[What is being asked] Would you please print exactly the lines that run from the one with "Honeybee (Apis mellifera)" to the last line of the data, both included, without any pictures?

Supplied data START

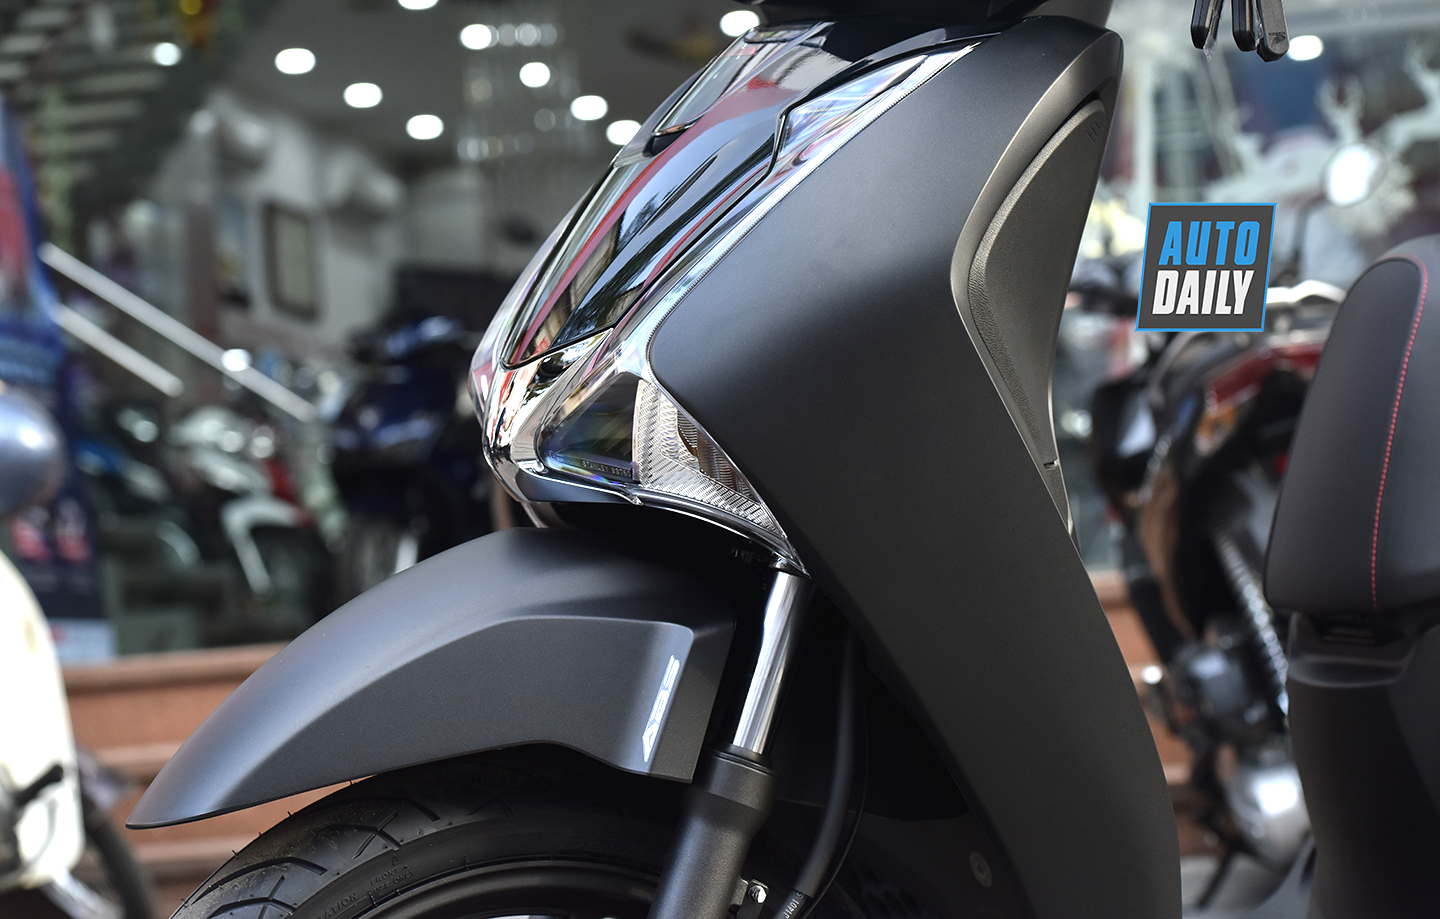 Honda SH 2019 màu đen mờ: Honda SH 2019 màu đen mờ trông thật sang trọng và đẳng cấp. Với thiết kế đậm chất hơi thở thể thao, SH 2019 là sự lựa chọn phù hợp cho những ai đang tìm kiếm chiếc xe đẹp và cực kỳ tiện dụng. Hãy chiêm ngưỡng hình ảnh liên quan để hiểu thêm về phiên bản này.
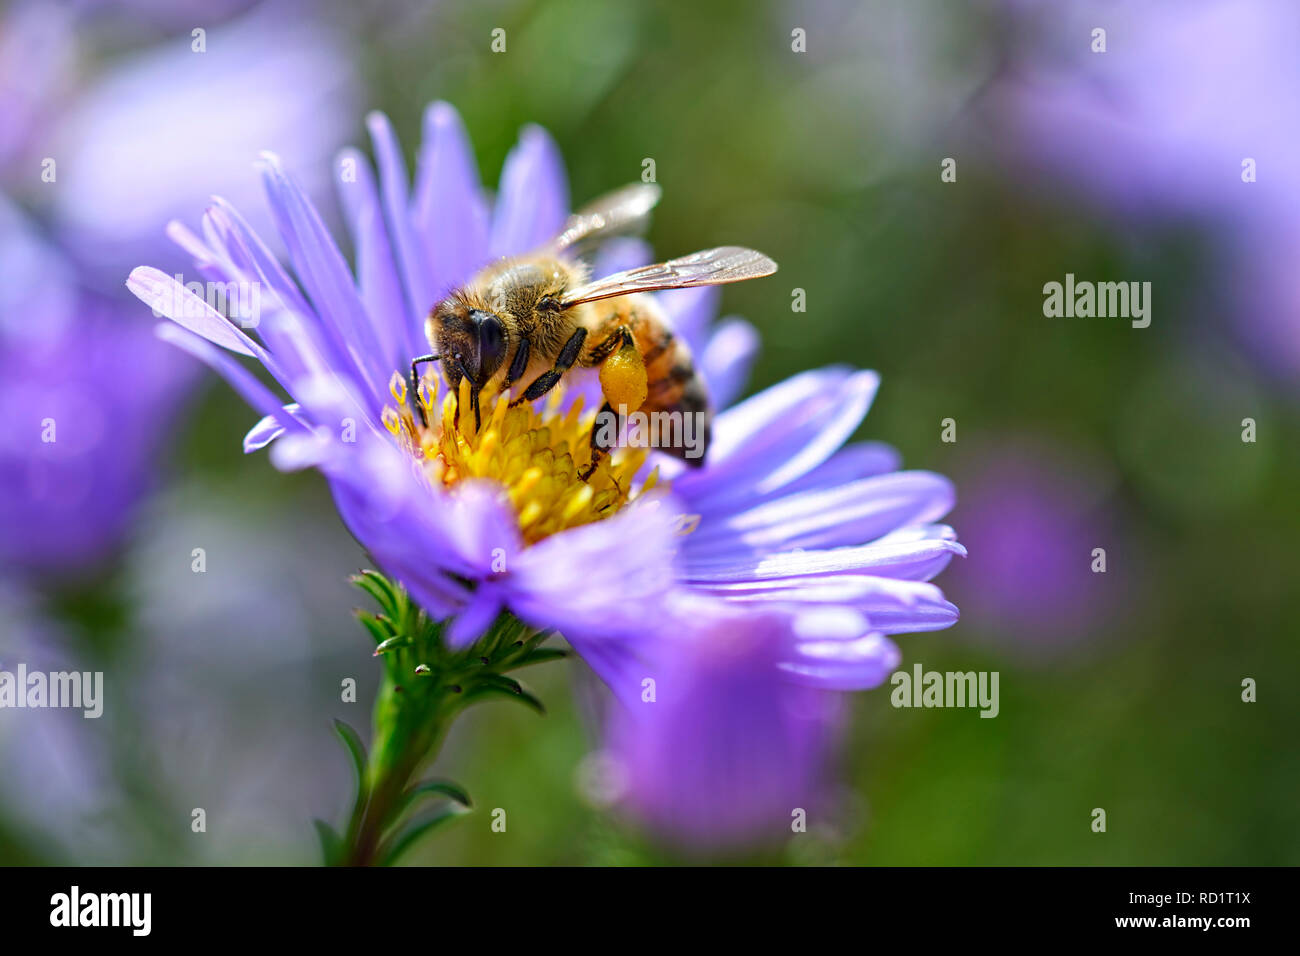 Honeybee (Apis mellifera) on a blossom, Honigbiene (Apis mellifera) auf einer Blüte Stock Photo
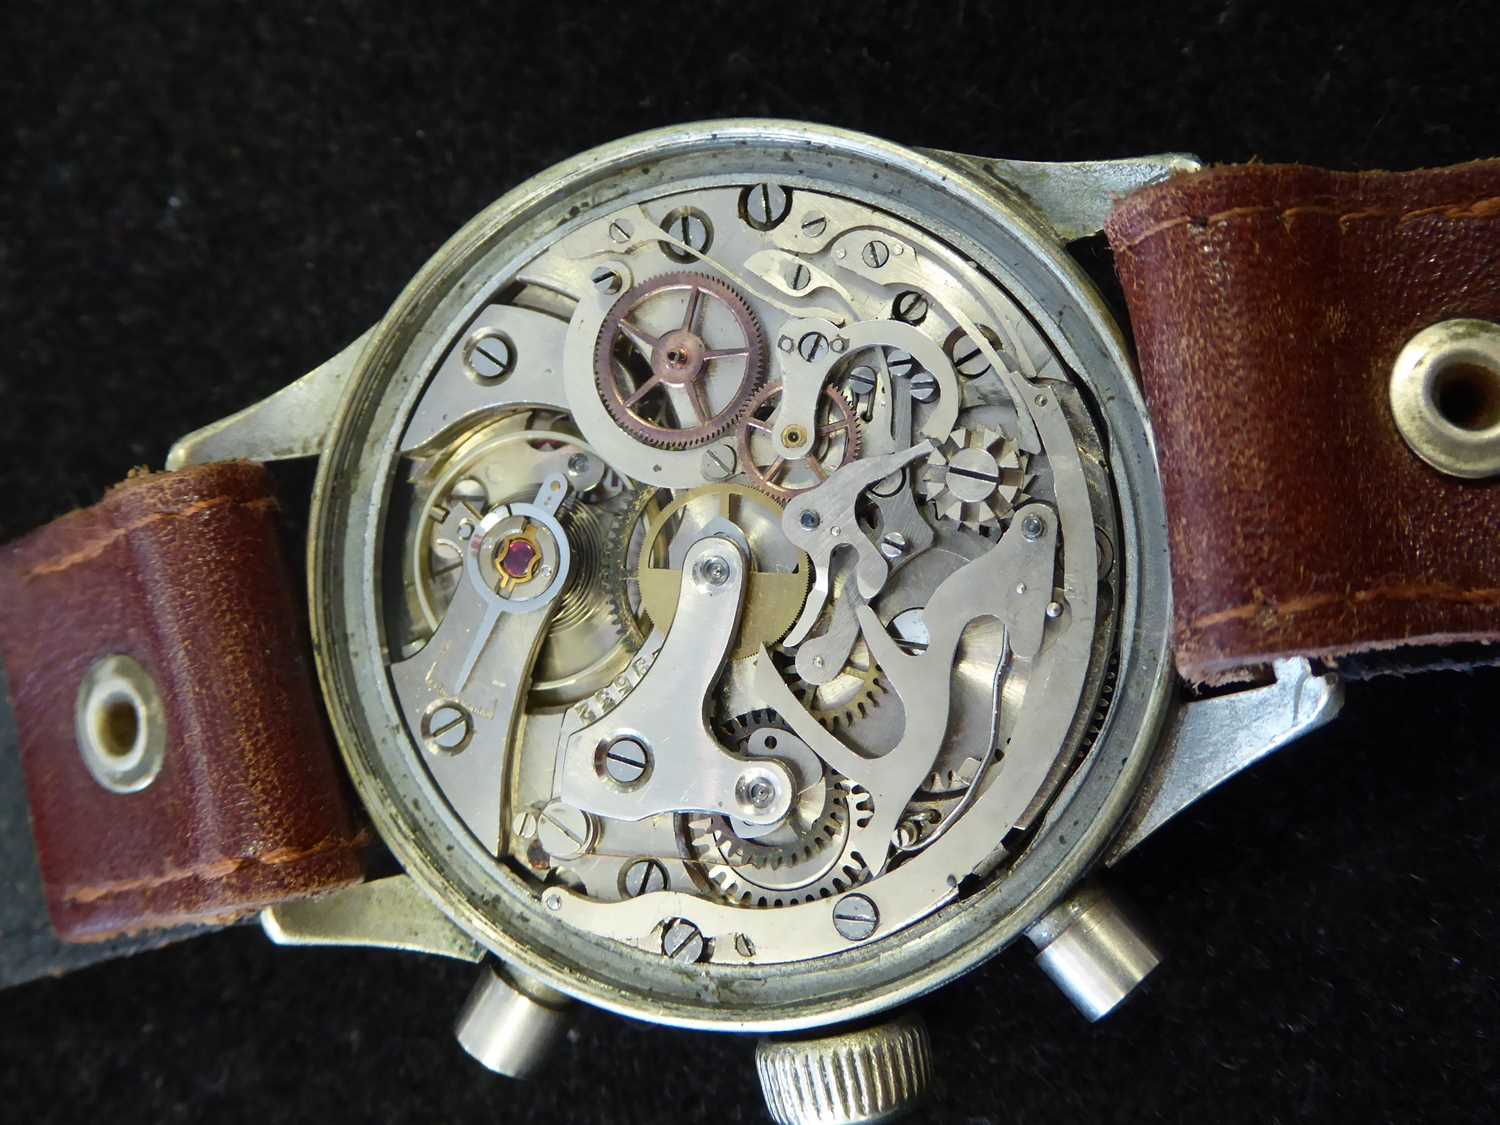 Hanhart: A Rare Second World War German Luftwaffe Pilots Chronograph Wristwatch, signed Hanhart, - Image 3 of 9

Supplied data END

[Reply]
 Honeybee (Apis mellifera) on a blossom, Honigbiene (Apis mellifera) auf einer Blüte Stock Photo
 Hanhart: A Rare Second World War German Luftwaffe Pilots Chronograph Wristwatch, signed Hanhart, - Image 3 of 9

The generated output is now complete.